Pledge introduces the idea of electronic travel authorisation as part of plans to protect the UK border after Brexit

The Conservative Party has pledged to introduce a US-style electronic travel clearance scheme for European Union (EU) citizens who want to visit the UK after Brexit.

The Electronic Travel Authorisation (ETA) would replace the current set-up whereby EU citizens only need to present their ID to enter the country.

With the ETA, the Tories expect that border officials would be able to “screen arrivals and block threats from entering the UK”.

Announcing the plans, home secretary Priti Patel said: “When people voted to leave the EU in 2016, they were voting to take back control of our borders.
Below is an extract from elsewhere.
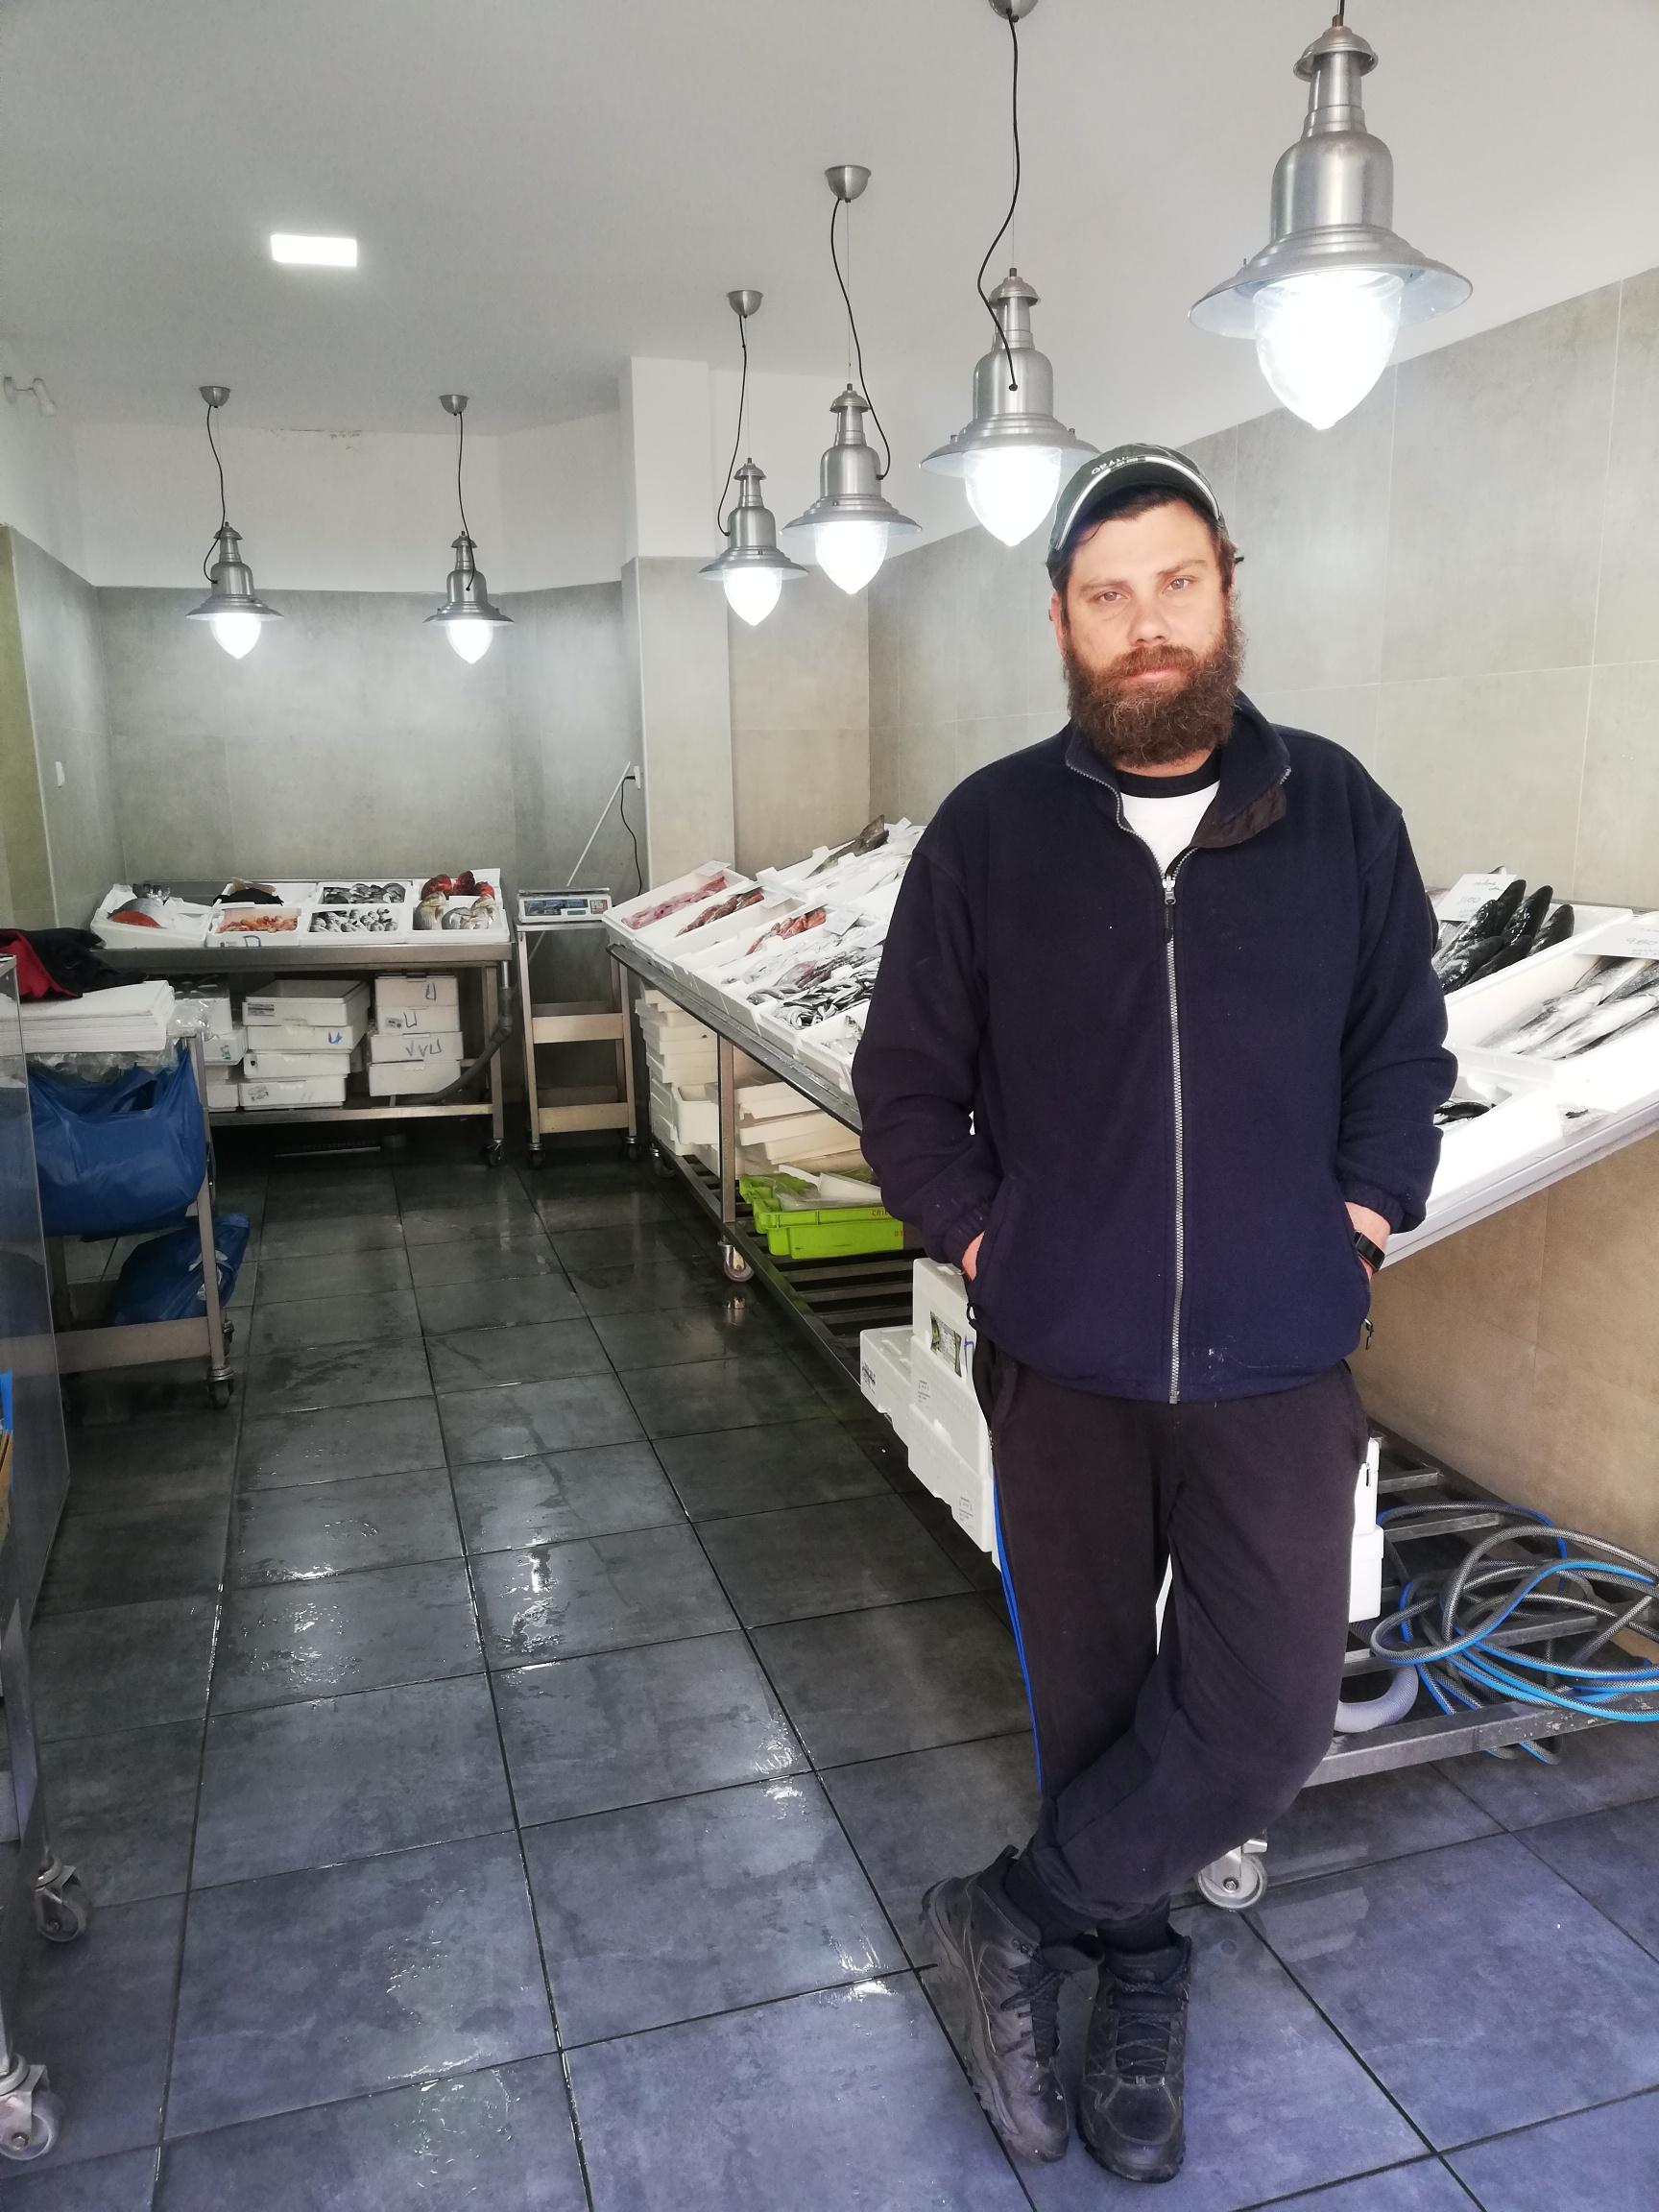 Γιώργος-Ψαράδικο Πάλλας - Success story φωτογραφία 4

After Brexit, we will introduce an Australian-style, points-based immigration system and take steps to strengthen our border and improve the security of the UK.”

The plans were slammed by Labour as “groundless”, the party claiming that the UK’s departure from the EU would reduce border security because the country would no longer have access to key EU systems.

Shadow home secretary Diane Abbott said: “By quitting the entire system of EU security and justice, we will no longer have real-time access to a host of critical databases or access to the European Arrest Warrant.”

Last month, it emerged that the smartphone application that enables EU citizens living in the UK to apply for settled status after Brexit was full of security flaws.

The app – which has been downloaded and used more than a million times – was found to lack basic functionality that would prevent malware from reading and stealing sensitive information, including passport details and photo identification. It also fails to use obfuscation, which can make the job of writing targeted malware harder for malicious actors.

According to a story in the Financial Times, which first reported the flaws, the app is also vulnerable to basic and generic spyware that could log what is typed into its text fields – such as addresses and phone numbers.